Nor can the work of lobbyists be discounted from the dispiriting results of COP29. More than 1,700 oil, gas and coal lobbyists were registered for the summit. But their work might not have been difficult as “Azerbaijan’s deputy energy minister and chief executive of Cop29, was caught on film agreeing to facilitate oil deals at the negotiations,” the Guardian reported. The president of Azerbaijan, Ilham Aliyev, has called oil and gas “a gift from God” and made clear his intention that fossil fuel extraction will continue at high rates. Public relations companies working for oil and gas companies also attended in large numbers. Ten public-relations firms alone sent dozens of representatives, with those 10 firms holding at least 91 contracts to boost fossil fuel company reputations, according to a DeSmog report.
Earth is poised to see 2024 become the hottest year since records began, and October 2024 actually exceeded the Paris goal, coming in at 1.55 degrees above the pre-industrial average. The Caribbean Sea experienced its warmest temperature on record in October, continuing a trend of high temperatures, which contributed to a highly destructive hurricane season. “It appears unlikely Earth will again see a year in the 20th-century temperature range for many years to come, unless there is major volcanic cooling, a major geoengineering push, and/or a sustained, worldwide effort to reduce fossil-fuel emissions,” concludes Jeff Masters in the Eye on the Storm blog, essential reading for understanding global warming.
Is corporate profit really worth the destruction of Earth’s livability? Continuing business as usual will mean an effective end of the world if by “world” we mean a fully habitable planet with a climate, however variable, within human experience. Quite literally, parts of Earth’s surface could become uninhabitable by the end of the 21st century if global warming continues, separate from rising sea levels, disrupted agriculture and more severe storms. Rather than contemplate an end to capitalist business as usual, much less the end of capitalism before that economic system leads to catastrophic environmental collapse, the world’s industrialists and financiers, and the governments that cater to them, are willing to bring about an end to the world. Or perhaps they do know the consequences but calculate they will be gone before catastrophe happens.

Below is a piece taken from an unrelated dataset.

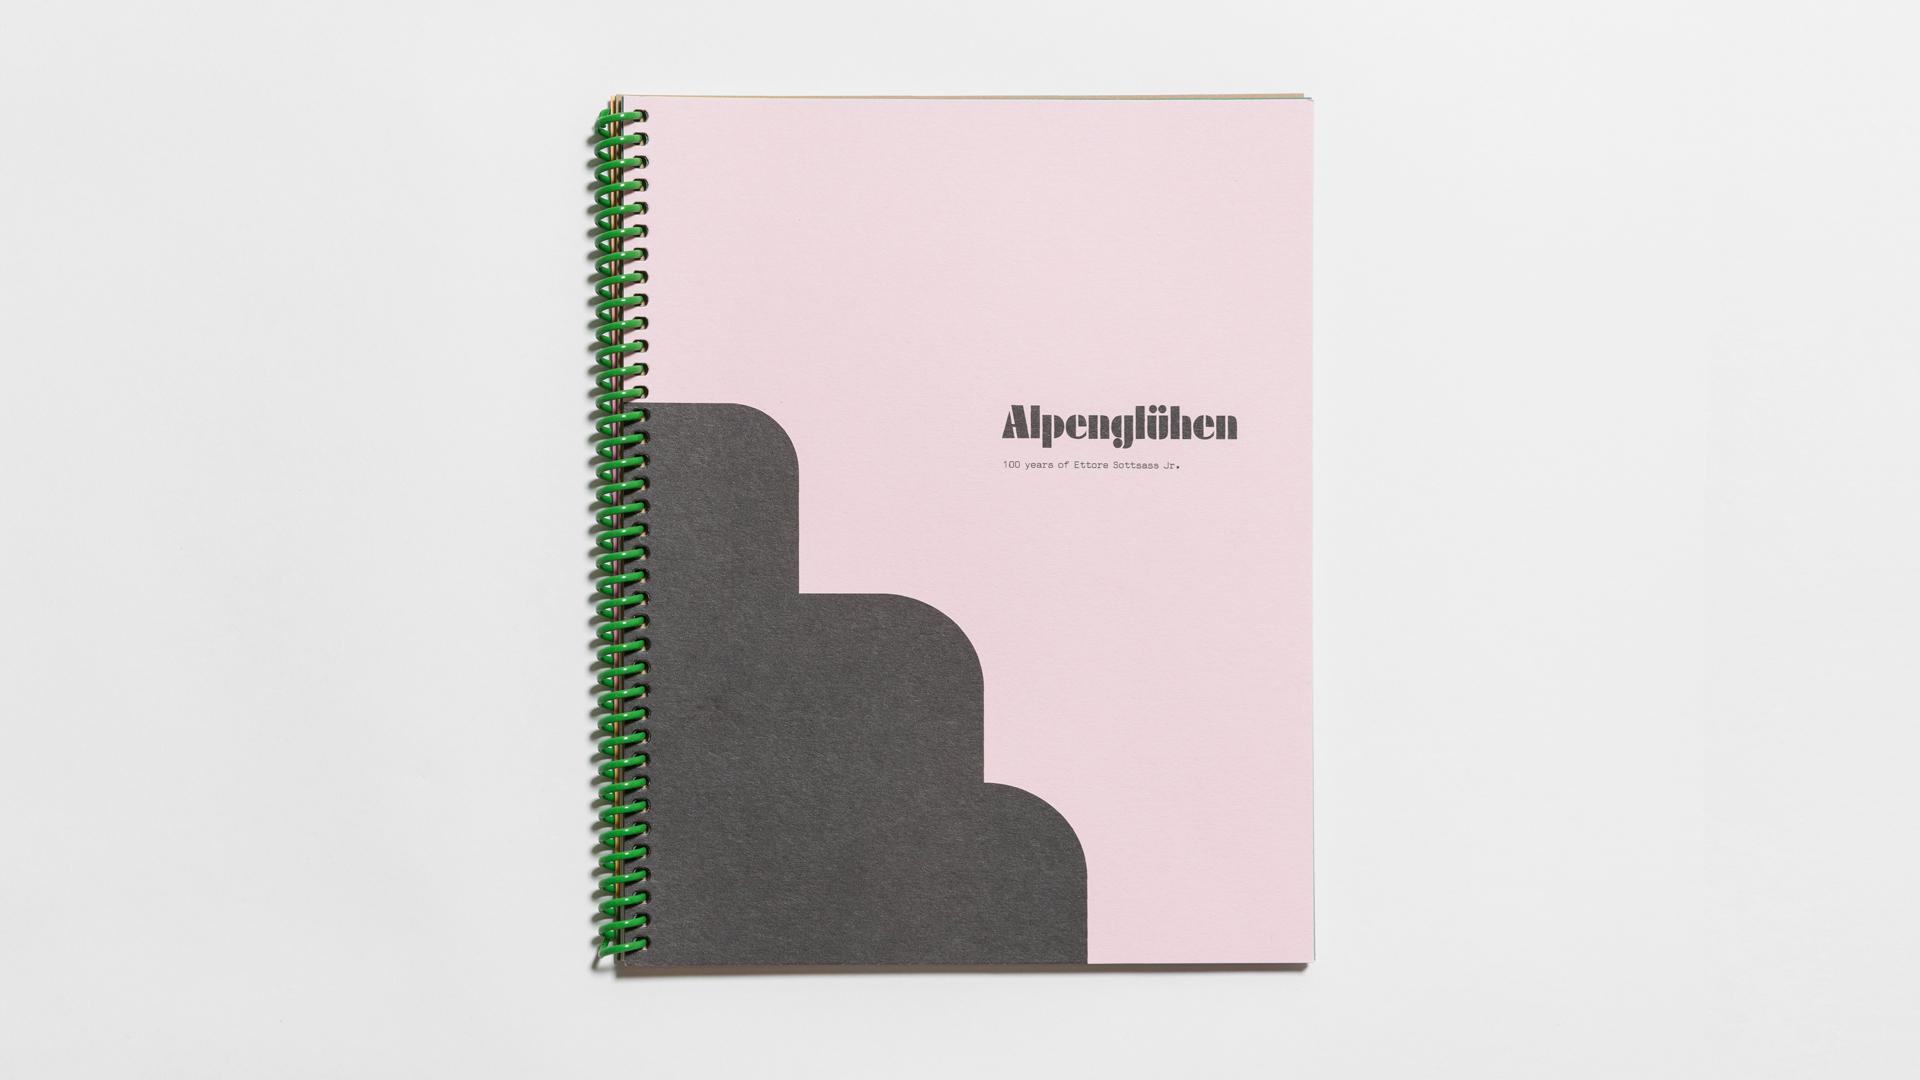 Cover image: Alpenglühen catalogue

Our descendants — living in a world of flooded cities, food shortages, resource depletion, mass species die-offs, unprecedented human migration and large numbers of people dying should business as usual continue — are not likely to believe that their ruined world would be a fair tradeoff for a handful of industrialists and financiers of the past getting obscenely rich. We live in a global economic system under which it is profitable for a handful of powerful people to profit from the destruction of the environment, and this behavior is richly rewarded. Why should it be? In a rational work, with an economic system geared toward human need rather than the profit of a few, it surely wouldn’t be.